１…ペン、２…手書き文字入力装置、３…表示装置、４
…ＣＰＵ、６…記憶装置、２１…手書き文字の入力面、
６１…手書き文字認識プログラム、６２…辞書、６１１
…筆記方向取得部、６１２…改行位置取得部、６１３…
標準文字サイズ取得部、６１４…枠無し手書き文字列認
識部、６１５…仮結合処理部、６１６…仮分割処理部、
６１７…評価・探索処理部。DESCRIPTION OF SYMBOLS 1 ... Pen, 2 ... Handwritten character input device, 3 ... Display device, 4
... CPU, 6 ... Storage device, 21 ... Input surface for handwritten characters,
61: handwritten character recognition program, 62: dictionary, 611
... writing direction acquisition unit, 612 ... line feed position acquisition unit, 613 ...
Standard character size acquisition unit, 614: frameless handwritten character string recognition unit, 615: temporary combination processing unit, 616: temporary division processing unit
617 ... Evaluation / search processing unit.

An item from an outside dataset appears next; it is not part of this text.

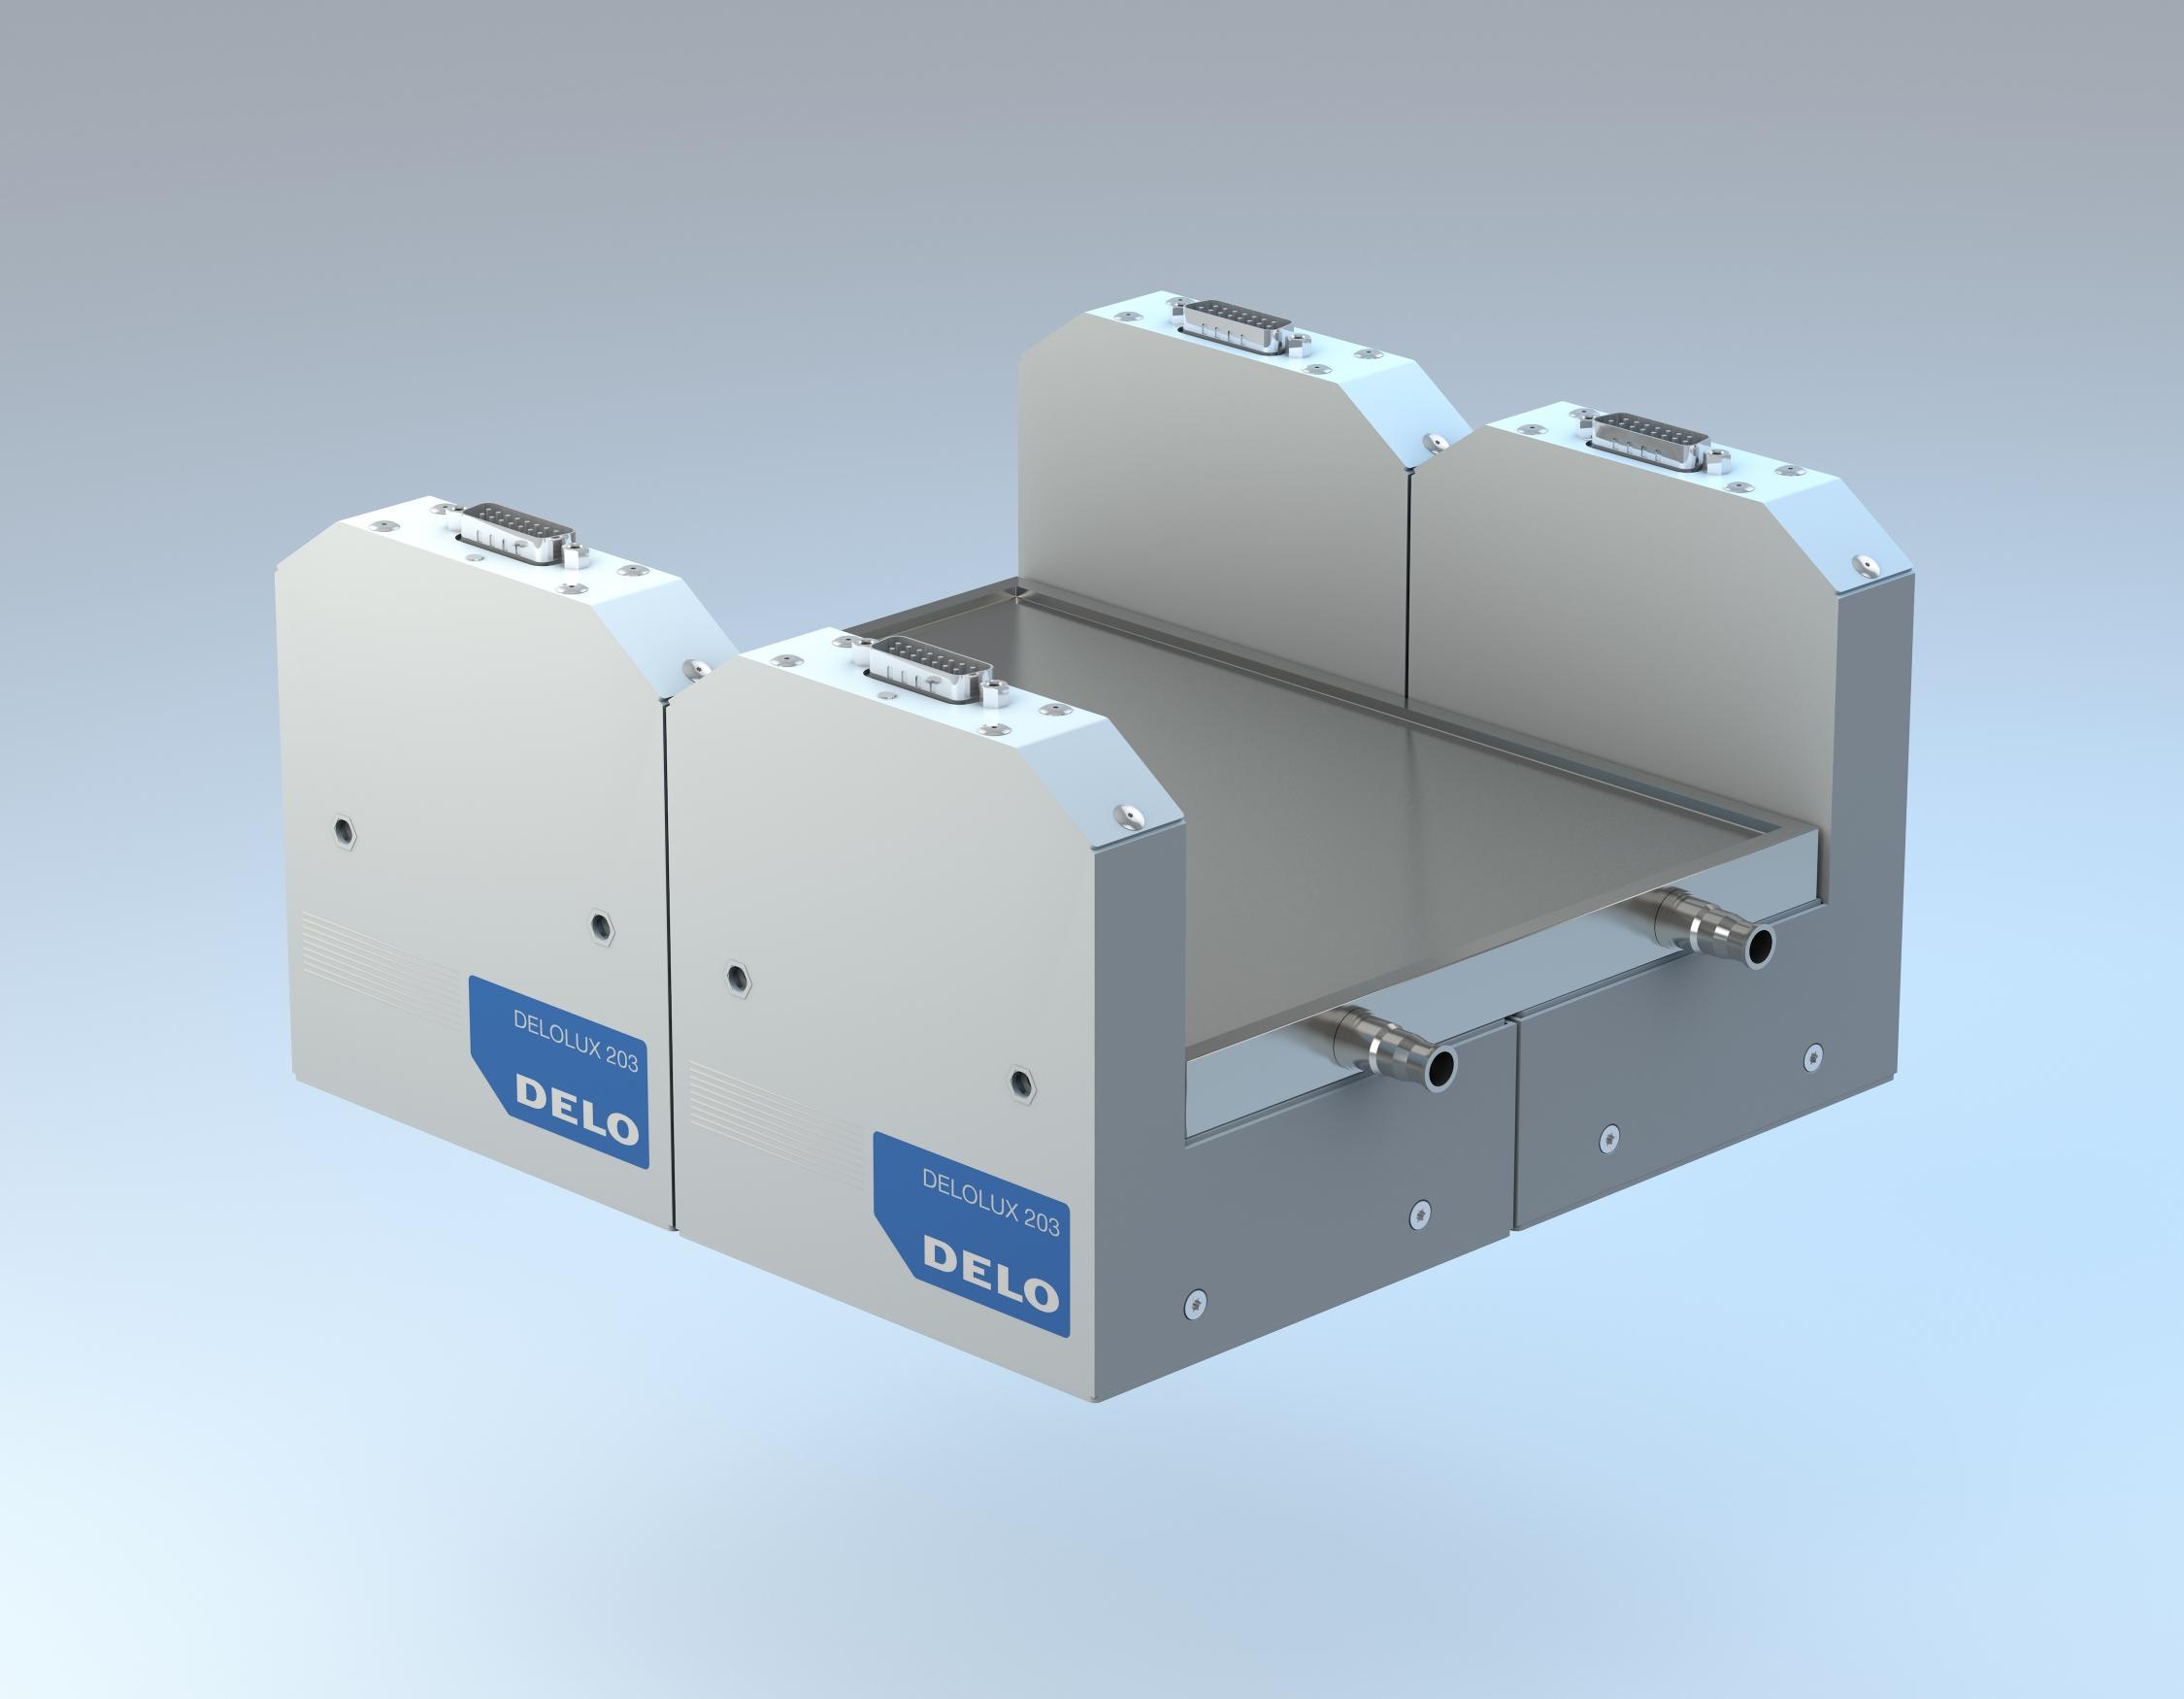 DELO giới thiệu đèn sấy keo UV công suất lớn DELOLUX 203 cho phòng sạch

───────────────────────────────────────────────────── フロントページの続きＦターム(参考） 5B029 AA01 CC21 EE08 5B064 AB04 BA05 DD06 EA34 ──────────────────────────────────────────────────続き Continued on the front page F-term (reference) 5B029 AA01 CC21 EE08 5B064 AB04 BA05 DD06 EA34

Claims

[Claims]

1. A handwritten character recognition method for recognizing a plurality of handwritten character strings composed of a plurality of stroke groups input in the order of strokes from a handwritten character input device, wherein a distance between strokes constituting the plurality of stroke groups is determined in advance. A plurality of stroke groups were divided into a plurality of character elements by repeating the process of combining strokes whose evaluated distances were smaller than the threshold for provisional combination until there were no more connectable strokes, according to the determined relational expression. Then, the circumscribed rectangle of each character element is obtained, and the maximum or average value of the height of the circumscribed rectangle and the maximum or average value of the width of the circumscribed rectangle are estimated as the standard character size of the handwritten character. Calculate a parameter representing the relationship between adjacent character elements in a standard character size space according to a predetermined relational expression, and calculate the By repeating the process of combining character elements whose parameters are smaller than the threshold for provisional combination until there are no more character elements that can be combined, multiple character elements are divided into multiple character element sets, and A handwritten character recognition method comprising: searching a dictionary; and outputting, as a recognition result, a character having a maximum evaluation value for a handwritten character pattern registered in the dictionary.

2. An attribute flag indicating a character delimiter is set for each character element whose parameter indicating the relationship between the character elements is larger than a threshold for provisional division, and the plurality of character elements are assigned the attribute 2. The handwritten character recognition method according to claim 1, wherein the flag is divided into a state in which character delimitation is clear, and a dictionary is searched with reference to this division.